Open maxpumperla opened 6 years ago
Right, we don't support dropout on recurrent activations. One thing to consider here (need to check) is that some (not sure if this includes Keras?) implementations use the same dropout mask for all time steps (vs. doing drop-out independently at each time step). Consequently it won't be a simple drop-in change to add it. Another questios in whether we want to support both options?
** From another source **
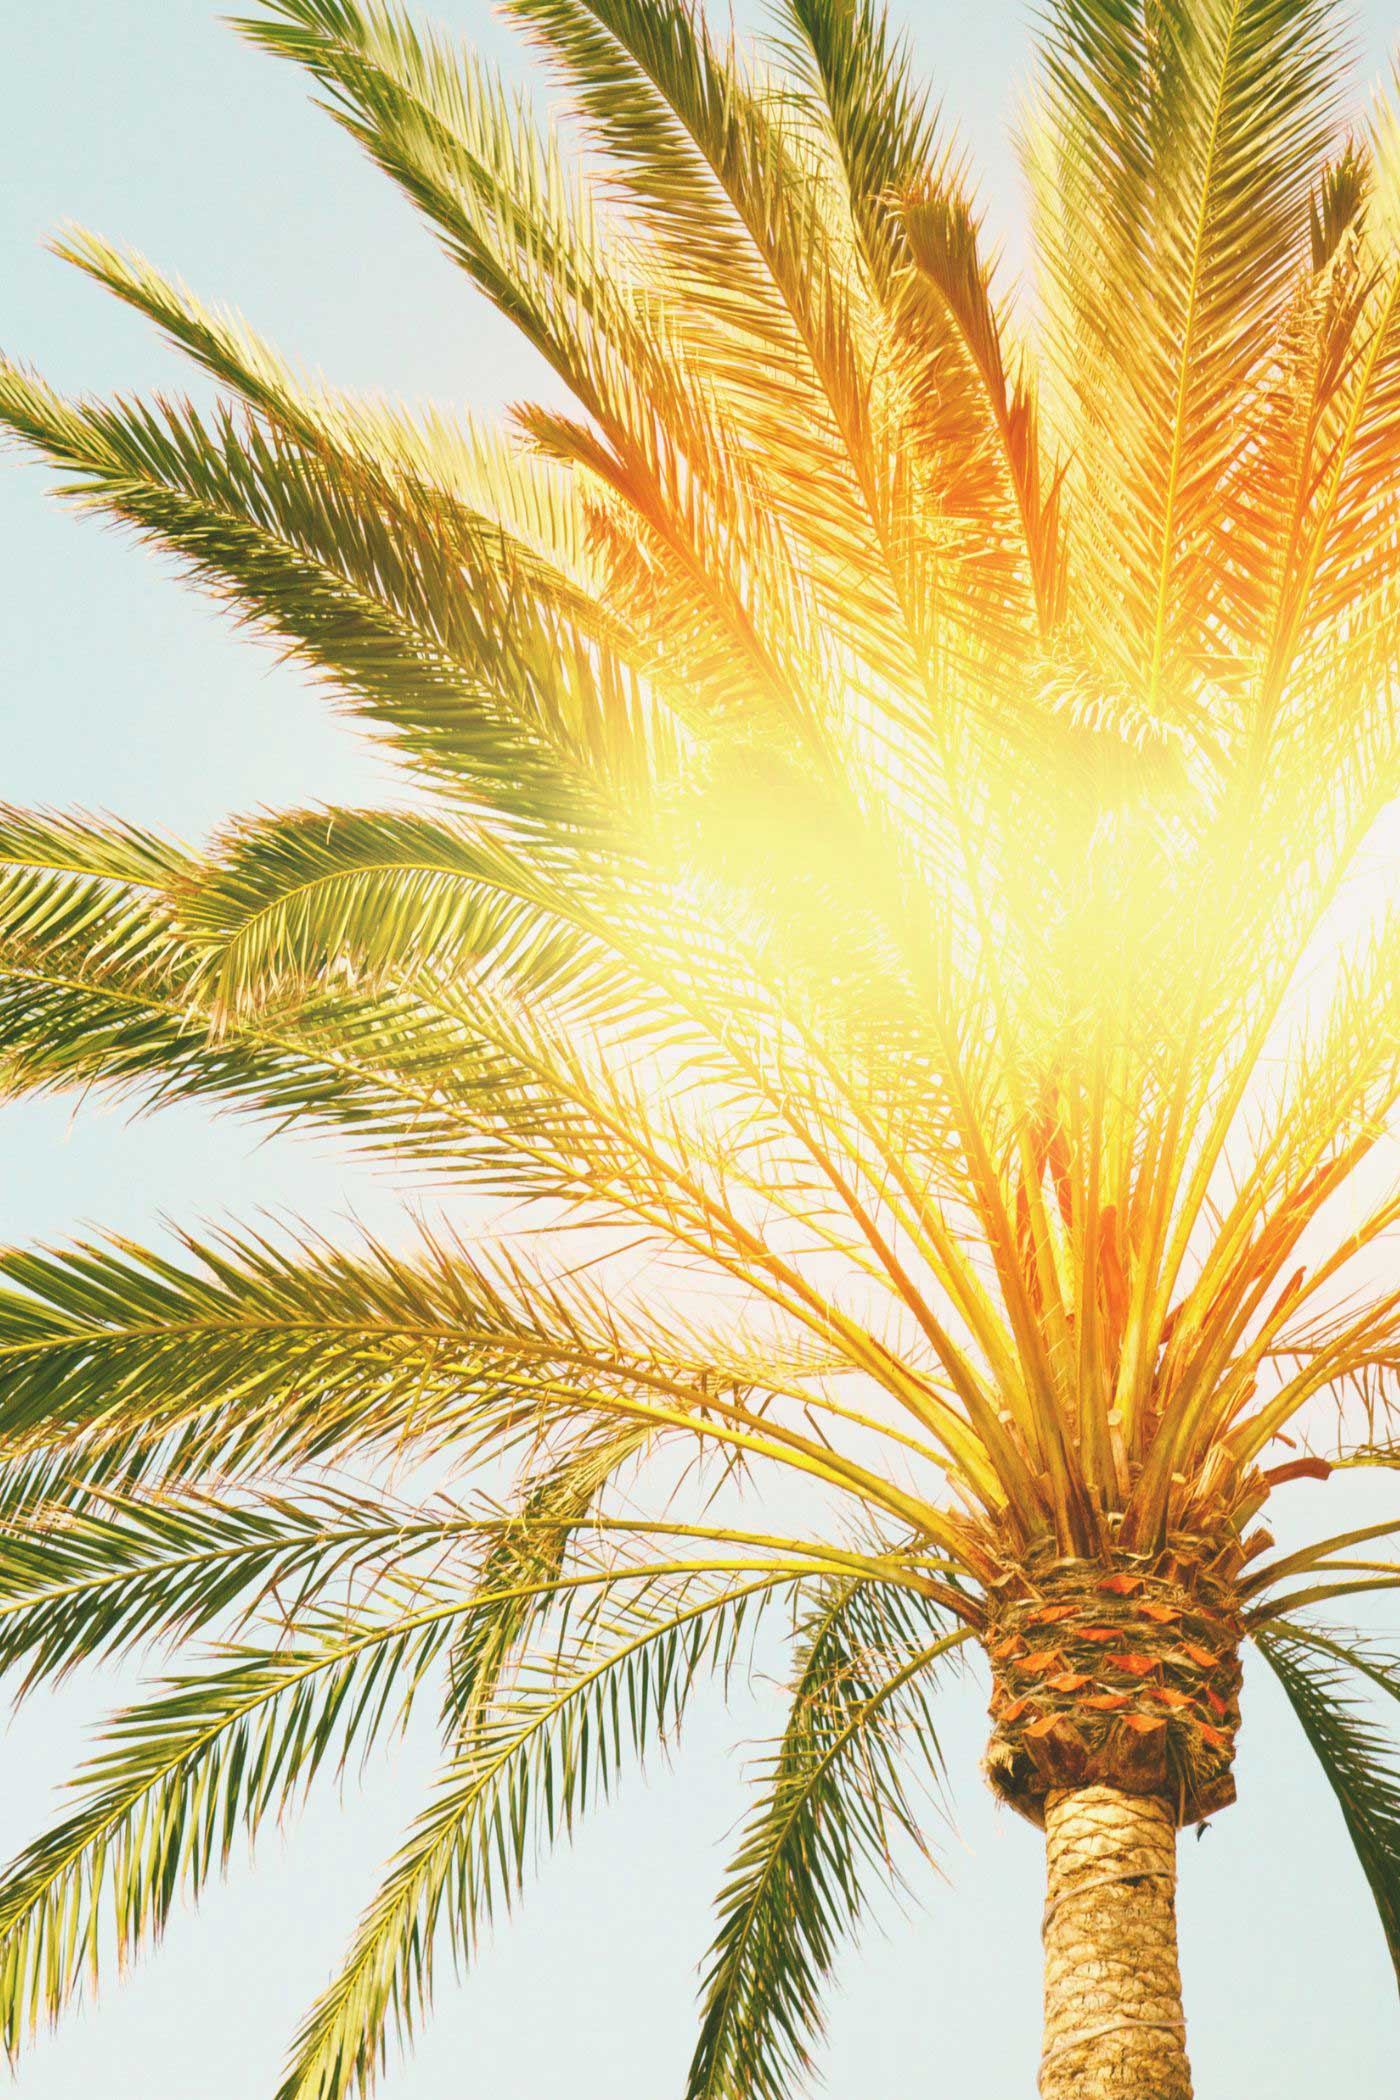 sun rays through a palm tree. gratitude activity

Hi, I was tuning params and I noticed that dropout does not have any effect when using GravesLSTM layer. Code example: https://gist.github.com/anonymous/2cb8fba1e6bdf29b0bc655ae6c7b68fd I consistently got the same results, eg: Score for dropout: '0.8' at iteration 1 is 491.271145951138 Score for dropout: '0.5' at iteration 1 is 491.271145951138 Score for dropout: '0.2' at iteration 1 is 491.271145951138 Score for dropout: '0.8' at iteration 2 is 396.11172254765324 Score for dropout: '0.5' at iteration 2 is 396.11172254765324 Score for dropout: '0.2' at iteration 2 is 396.11172254765324 Score for dropout: '0.2' at iteration 3 is 371.7333969051259 Score for dropout: '0.5' at iteration 3 is 371.7333969051259 Score for dropout: '0.8' at iteration 3 is 371.7333969051259 Score for dropout: '0.5' at iteration 4 is 369.64327864362696 Score for dropout: '0.2' at iteration 4 is 369.64327864362696 Score for dropout: '0.8' at iteration 4 is 369.64327864362696
Is it possible to somehow approximate dropout with DropoutLayer? One mask per layer per batch would be enough.
Otherwise, great job!
Br, Zlatko
@zvreifnitz hm, it should be applied on the input (but not the recurrent) activations... I'll open a separate issue. In the mean time, a dropout layer before the LSTM layer should work as expected.
@zvreifnitz I've confirmed and fixed an issue with dropout not being applied to recurrent layers here: https://github.com/deeplearning4j/deeplearning4j/pull/4823 Thanks for flagging this (though next time - feel free to open a separate issue - recurrent dropout is a different issue to what you reported)
@AlexDBlack I sincerely apologise, I misunderstood the content, so I read "recurrent" as network type and not as "unwinding" the cell.
@zvreifnitz sure, no worries - thanks :)
Small issue related to Keras import. Keras allows recurrent units to have dropout on their own, with a dropout rate that can be different from the regular one.